Home
Introduction and Lectures
Intro to the Workshop and Core
Support
Schedule
Slack
Cheat Sheets
Software and Links
Scripts
GitHub repository
Biocore website
Prerequisites
CLI
R
Data Reduction
Files and Filetypes
Project setup
Generating Expression Matrix
scRNAseq Analysis
Prepare scRNAseq Analysis
Part 1- Create object
Part 2- Filtering
Part 3- Normalization and scaling
Part 4- Dimensionality reduction
Part 5- Clustering and cell type
Part 6- Enrichment and DE
Part 7- Doublet detection
Part 8- Integration

Introduction to Single Cell RNA-Seq Part 6: Enrichment and model-based differential expression

Set up workspace

library(Seurat)
library(limma)
library(topGO)
library(dplyr)
library(kableExtra)
set.seed(12345)
experiment.aggregate <- readRDS("scRNA_workshop-05.rds")
Idents(experiment.aggregate) <- "finalcluster"

1. Gene Ontology (GO) Enrichment of Genes Expressed in a Cluster

Gene Ontology provides a controlled vocabulary for describing gene products.

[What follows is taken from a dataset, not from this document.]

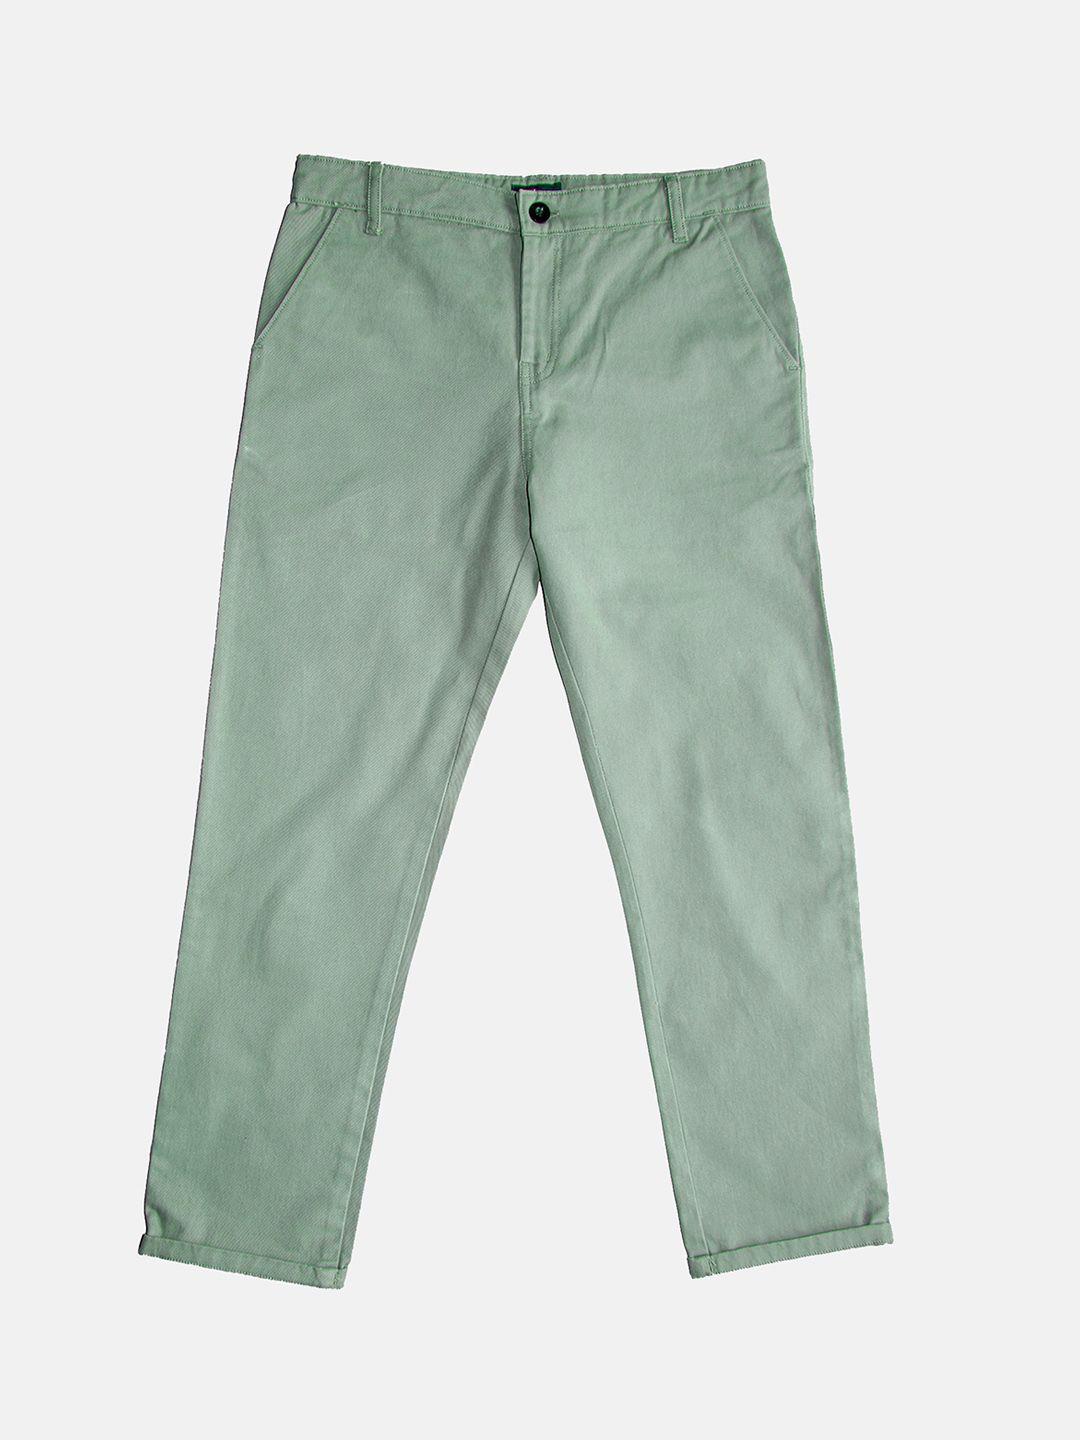 kiddopanti boys pure cotton chinos trousers

Here we use enrichment analysis to identify GO terms that are over-represented among the gene expressed in cells in a given cluster.

cluster10 <- subset(experiment.aggregate, idents = '10')
expr <- as.matrix(GetAssayData(cluster10))

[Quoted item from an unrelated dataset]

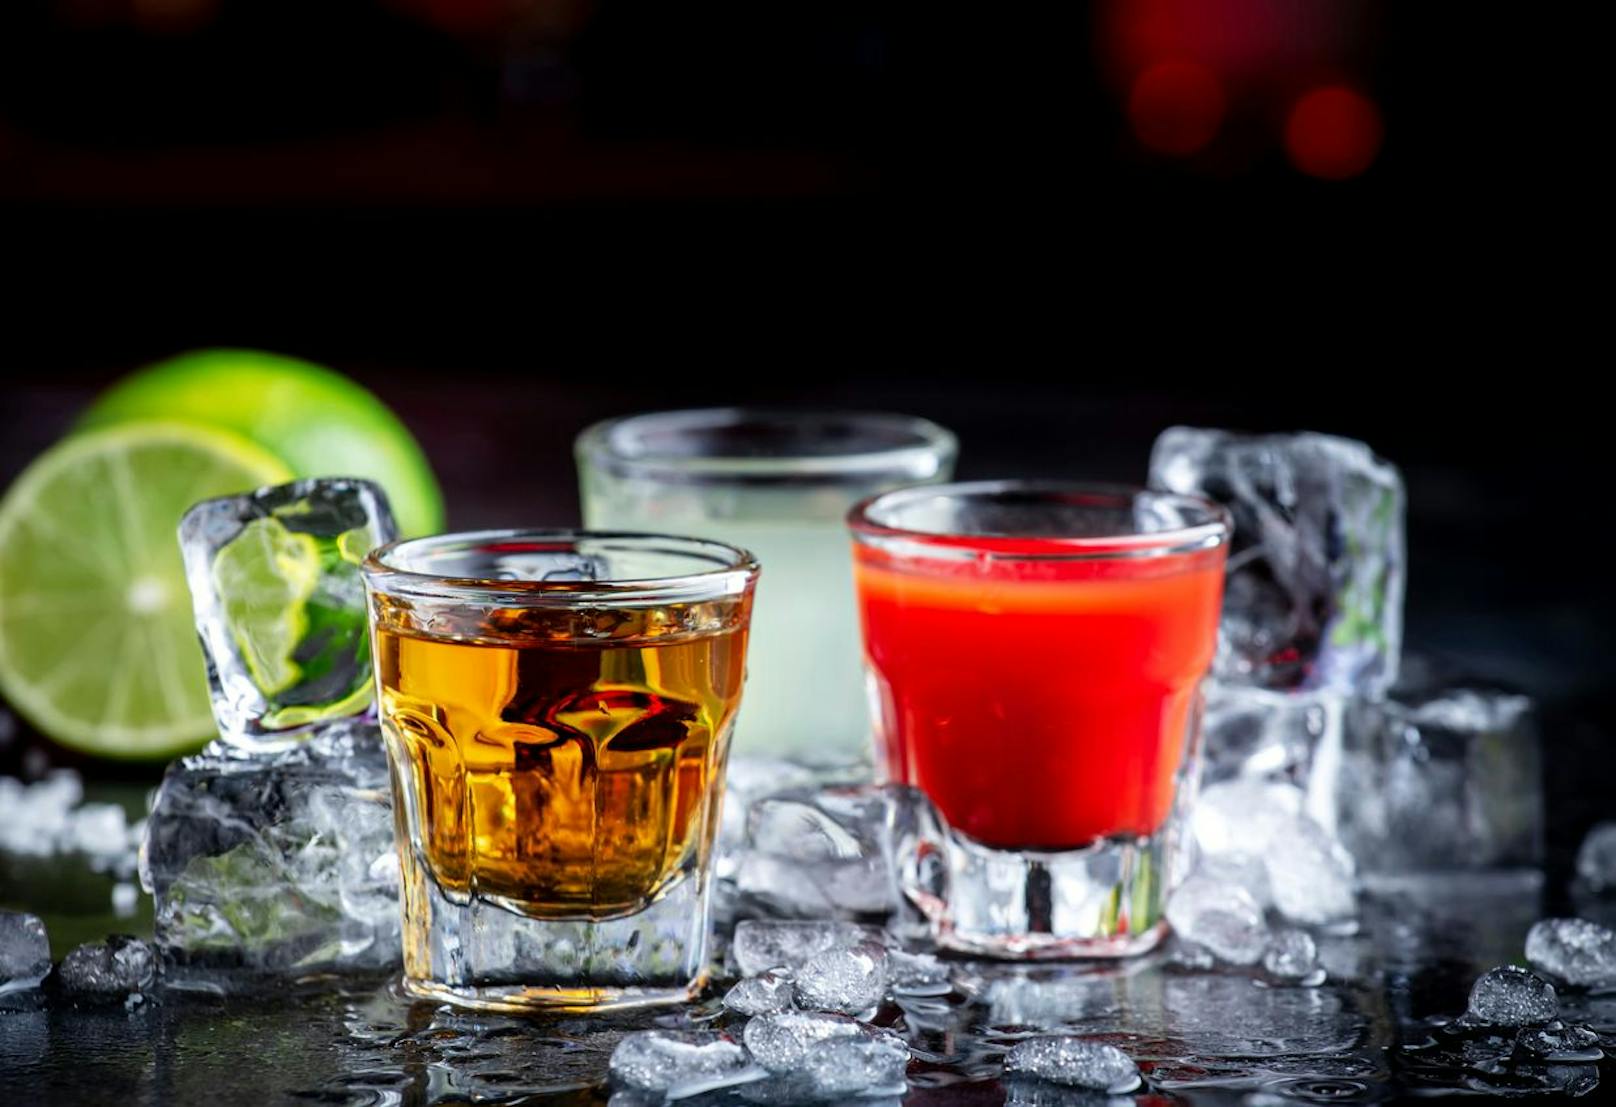 Bars in der beliebten griechischen Partystadt Kavos wurden geschlossen, weil sie Getränkereste an Touristen weiterverkauften. (Symbolbild).

# Select genes that are expressed > 0 in at least half of cells
n.gt.0 <- apply(expr, 1, function(x)length(which(x > 0)))
expressed.genes <- rownames(expr)[which(n.gt.0/ncol(expr) >= 0.5)]
all.genes <- rownames(expr)

# define geneList as 1 if gene is in expressed.genes, 0 otherwise
geneList <- ifelse(all.genes %in% expressed.genes, 1, 0)
names(geneList) <- all.genes

# Create topGOdata object
	GOdata <- new("topGOdata",
		ontology = "BP", # use biological process ontology
		allGenes = geneList,
		geneSelectionFun = function(x)(x == 1),
              annot = annFUN.org, mapping = "org.Hs.eg.db", ID = "symbol")
# Test for enrichment using Fisher's Exact Test
	resultFisher <- runTest(GOdata, algorithm = "elim", statistic = "fisher")
	GenTable(GOdata, Fisher = resultFisher, topNodes = 20, numChar = 60) %>%
	  kable() %>%
	  kable_styling("striped", fixed_thead = TRUE)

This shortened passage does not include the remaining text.